これからの千年を、森とともに。
「千年の森自然学校」×「拓匠開発」の新しい挑戦

「ツリーハウスの街」ときいて、どんなものを想像しますか?
トムソーヤと仲間たちが、木の上で陽気な生活をするために集まる、夢のような街?
あるいは、大人も子供も隠れ家の感覚で楽しめる、レクリエーションの建物が並ぶアスレチックランド?
どちらも、違うんです。
「千年の森」のツリーハウスは、実は森の保全のためにつくられています。
森の手入れを目的とした、最初のツリーハウスができてから10 年あまり・・・
すでに30 ものツリーハウスが点在し、街をつくりはじめました。森と向き合って、
この森をどういう森にしていこうか。
そう考えて1 本の木を守ることを決めた瞬間から、あなたと森がつくる次のミレニアム、
ここから1000 年がはじまるのです。
そんな森に魅せられ、サポートしようと名乗りを上げた「拓匠開発」。「木」と「家」を
扱う企業として、「千年の森」と共に歩み始めました。
「Tree House for Next Millennium ツリーハウスの街」は、ツリーハウスを中心に森を保全するための仕組みを、森の潤滑油として企業がサポートしていき持続可能にするという、
新しいモデルケースです。

背景には、大切な森の悲しい現状がありました。

日本に広がる森林が、国土面積に占める割合は約67%。
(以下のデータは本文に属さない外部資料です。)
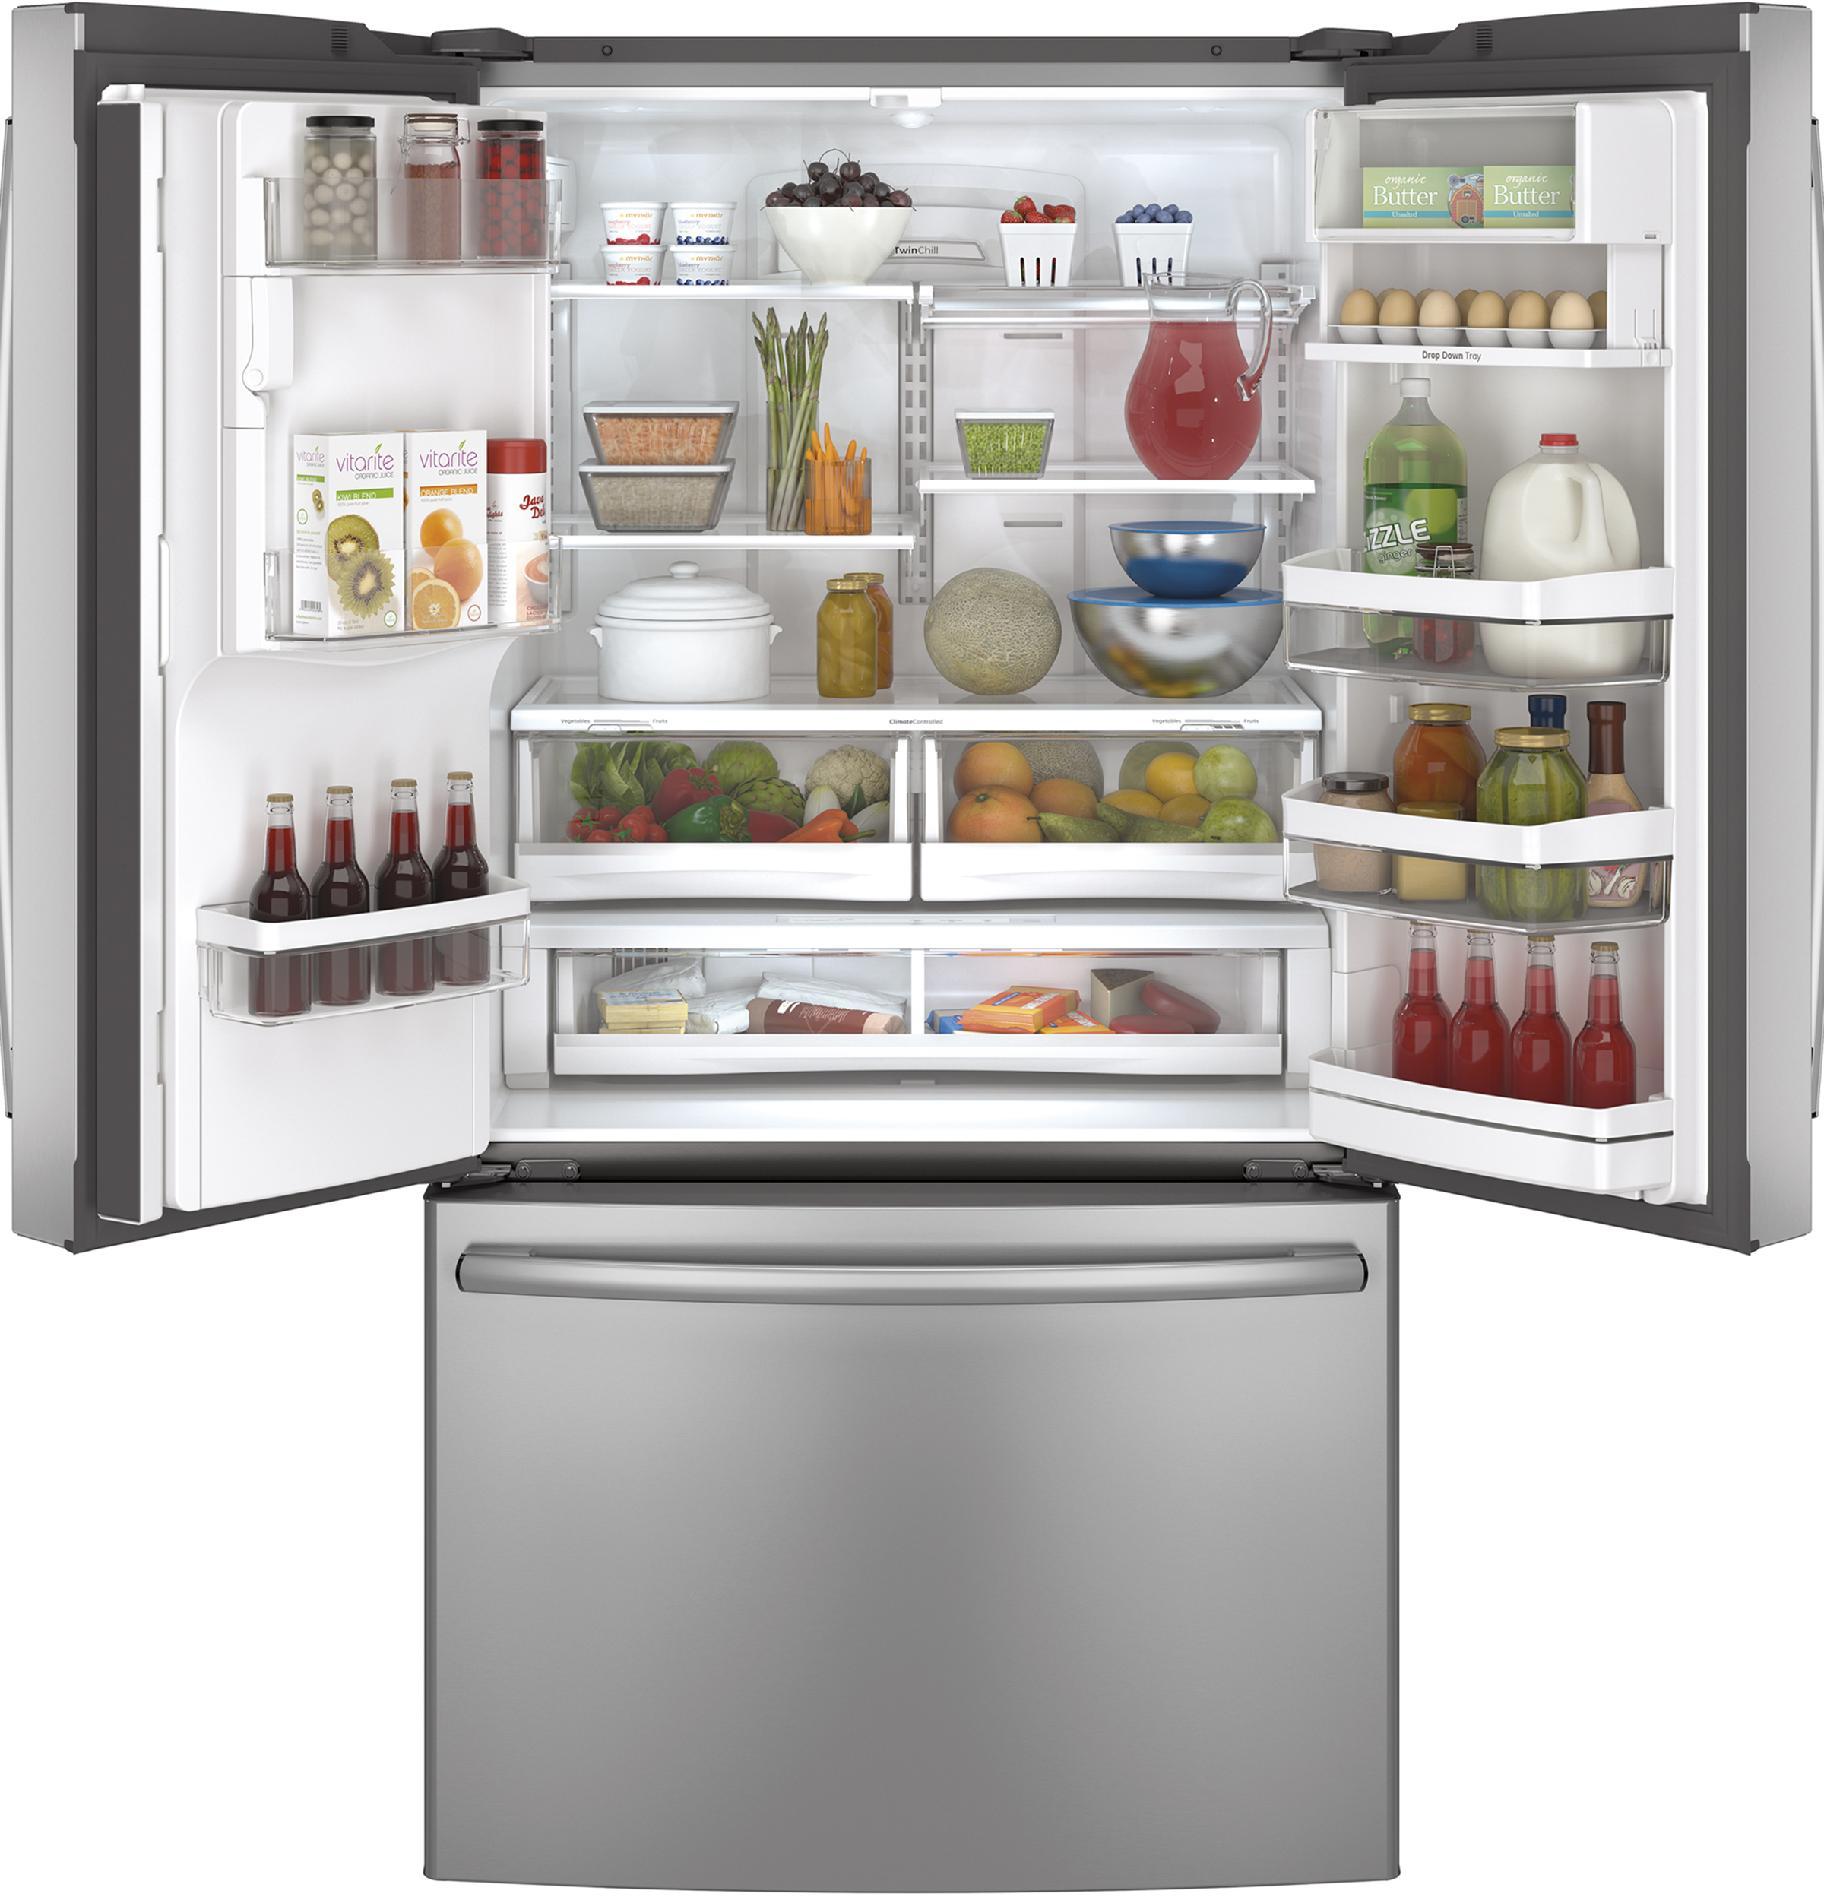 GE Profile PYE22PSHSS 22.1 cu. ft. Counter-Depth French-Door Ice & Water Refrigerator - Stainless Steel

先進国において有数の森林大国です。
一昔前、木材の役割は家をつくる資材のみならず、家具や、生活に密着した雑貨、燃料も蒔炭材でした。その木材の需要が急速に拡大したのが戦後の復興の頃。供給が追いつかず政府は急速な植林を行いました。ただ木が成長する約40年の間に海外からの安い木材の輸入が進んだことで、日本の林業は衰退の一途を辿っています。結果、拡大造林されたスギやヒノキは現在収穫期を迎えていますが、使われずに放置される状況にあります。国産材の需要低下に伴い、森林の手入れをする費用が賄えず、荒廃している森林も少なくありません。荒廃した森林は、森のもつ機能を発揮するどころか、土砂災害や不法投棄など、人との関係において、解決すべき問題となっています。

千年の森自然学校長野県大町市/ 森の運営

300 ヘクタールの広大な森で、ツリーハウスと自然学校( 対親子・対学生)を運営する千年の森自然学校。30のツリーハウス、7 つの沢、20の滝、標高差は700m、豊かな自然環境広がり、土壌有機物やカモシカ約20 頭をはじめとした森林生態系に恵まれた、四季によっても表情が異なる豊かな森である。この森にはオートキャンプ場のような更地はなく、「遊び」「生活」「冒険」をテーマに共生林として森と人が共存する場を提供しており、森を探検するように散策に出かけると人間の本来のリズムや呼吸を思い出すことができる。その考え方に共感した、ツリーハウスを持つ家族や多くの自然学校への参加者が森を共に守り、つくり始めて約20 年・・・
家族が成長していくのと同様に、歴史を重ねている。